INPUT DATA:
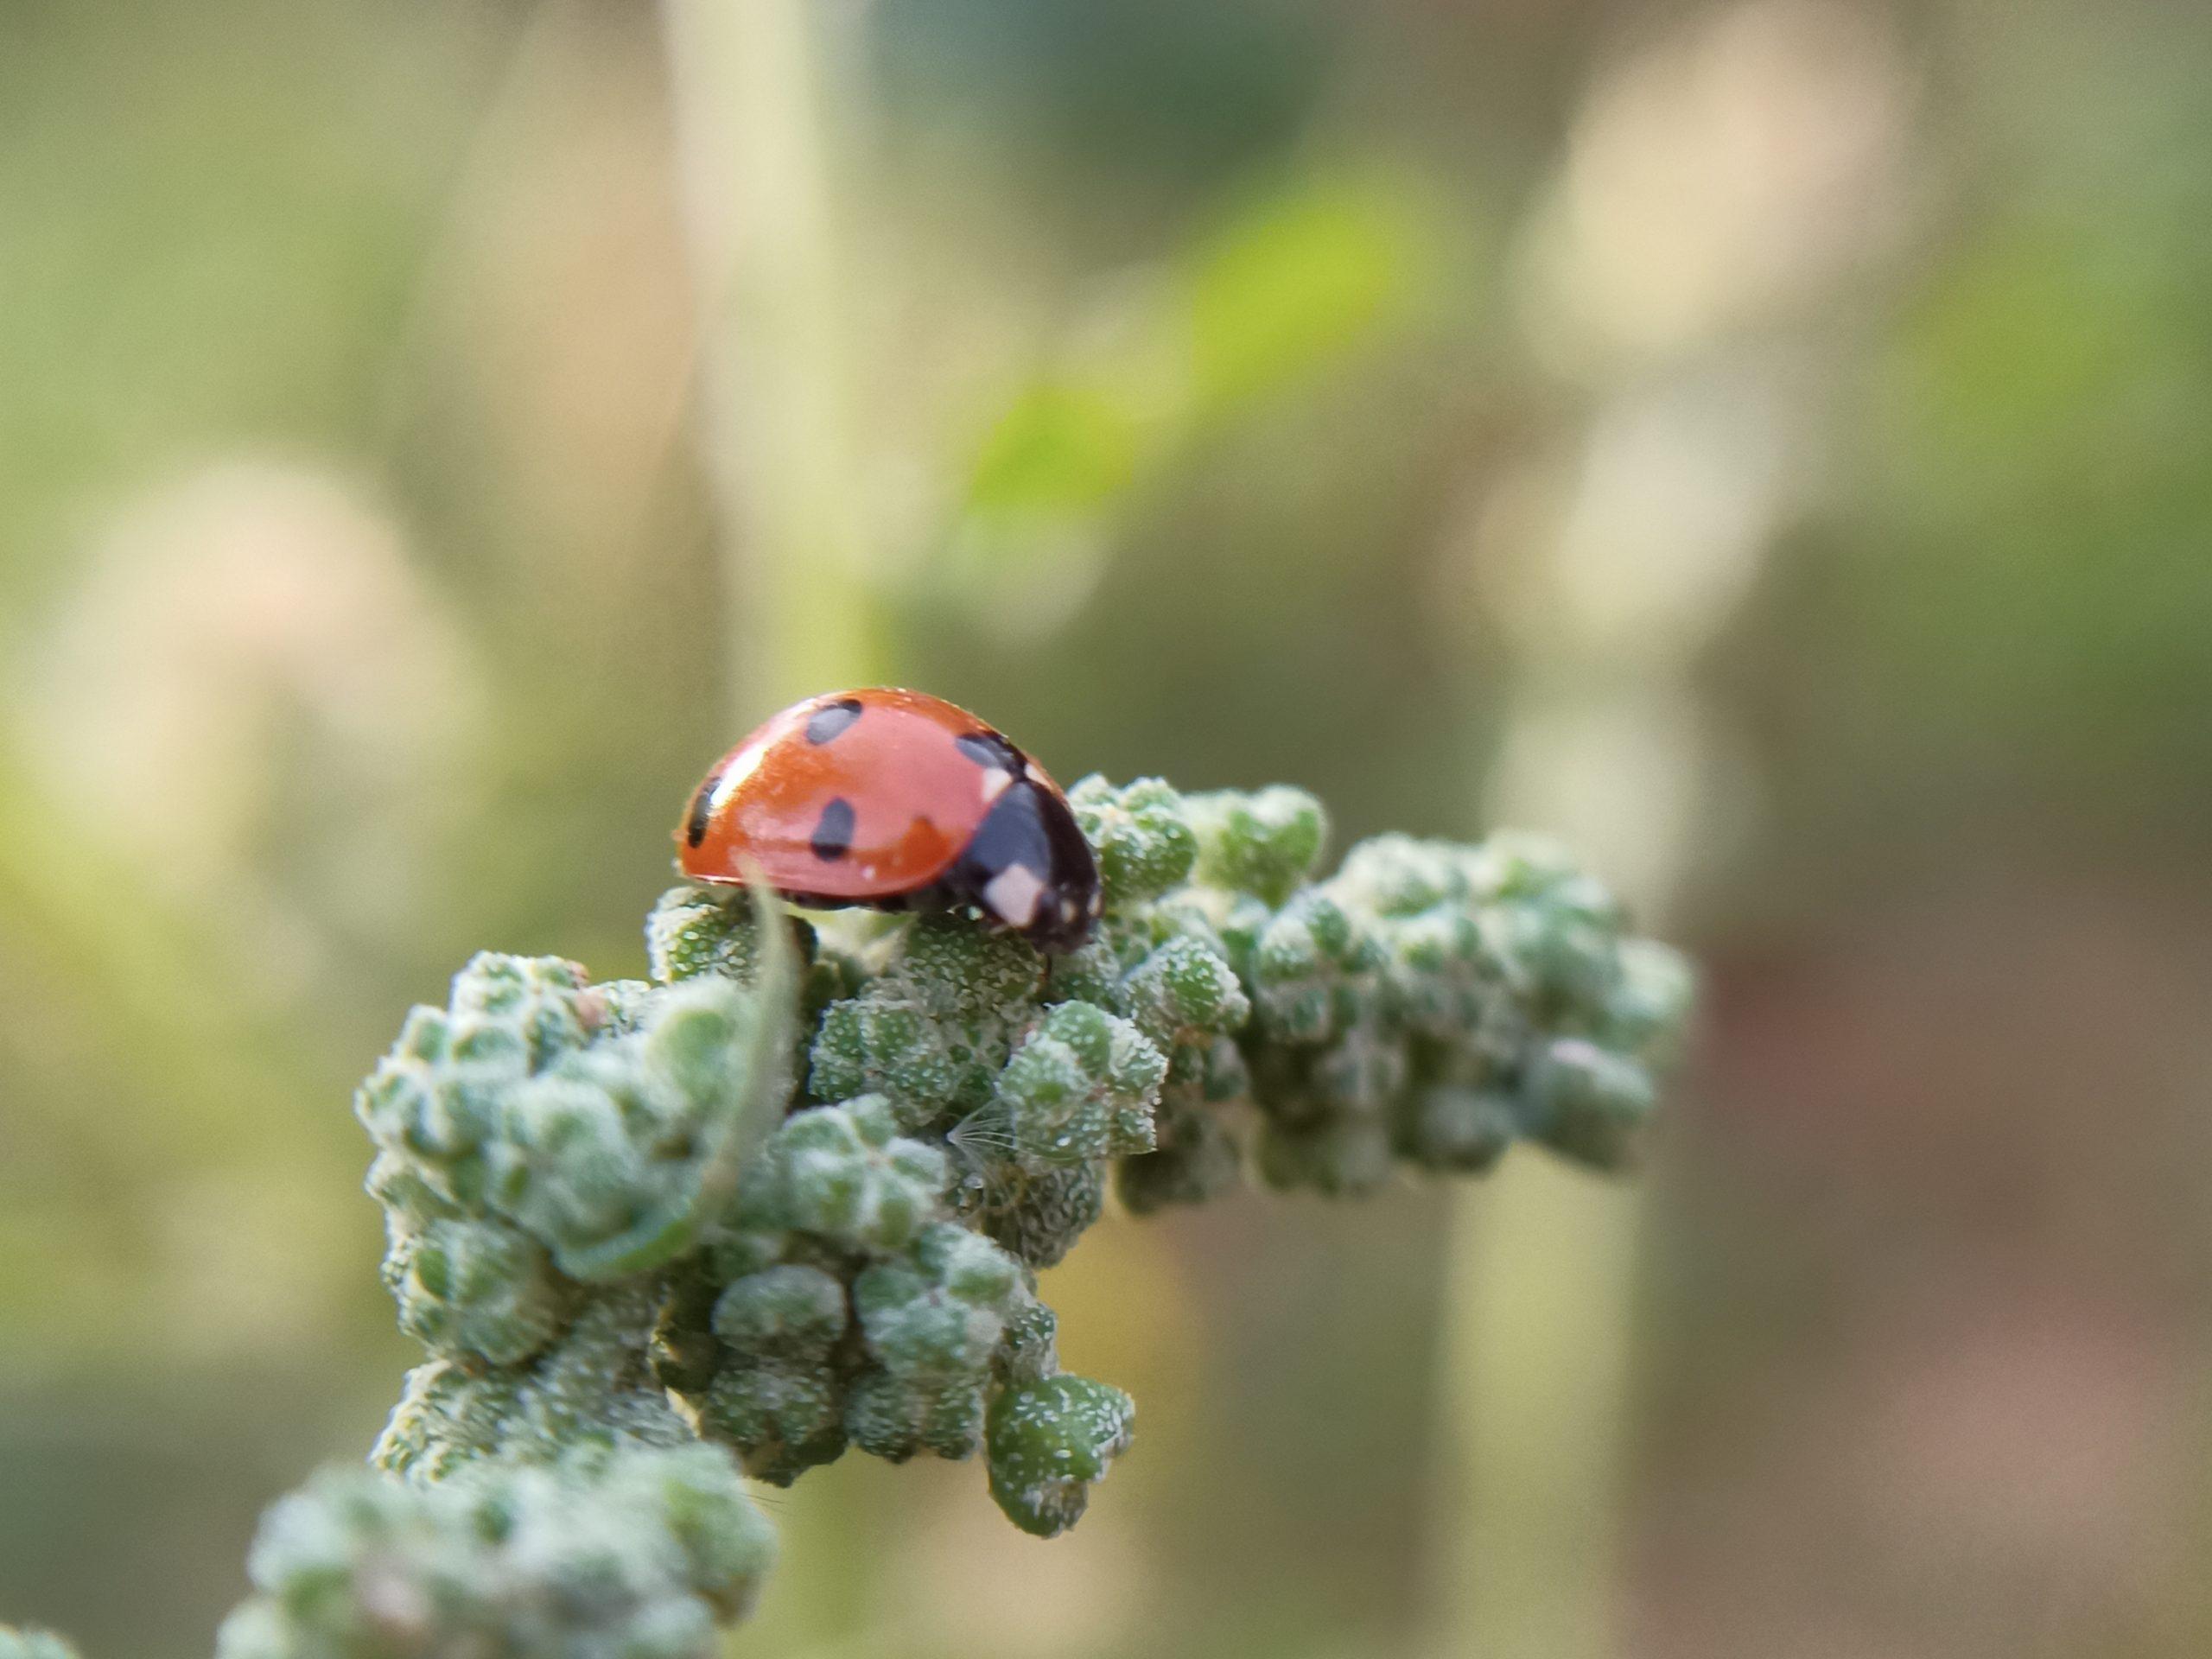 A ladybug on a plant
* * *
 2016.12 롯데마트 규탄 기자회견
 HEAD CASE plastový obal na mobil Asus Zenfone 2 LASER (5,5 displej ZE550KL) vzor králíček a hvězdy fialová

TASK REQUIREMENTS: Repeat exactly the lines of the listing above, from the one with "2016.12 롯데마트 규탄 기자회견" down to the one with "HEAD CASE plastový"; both of those lines belong in the range.

ANSWER BOX:
 2016.12 롯데마트 규탄 기자회견
 HEAD CASE plastový obal na mobil Asus Zenfone 2 LASER (5,5 displej ZE550KL) vzor králíček a hvězdy fialová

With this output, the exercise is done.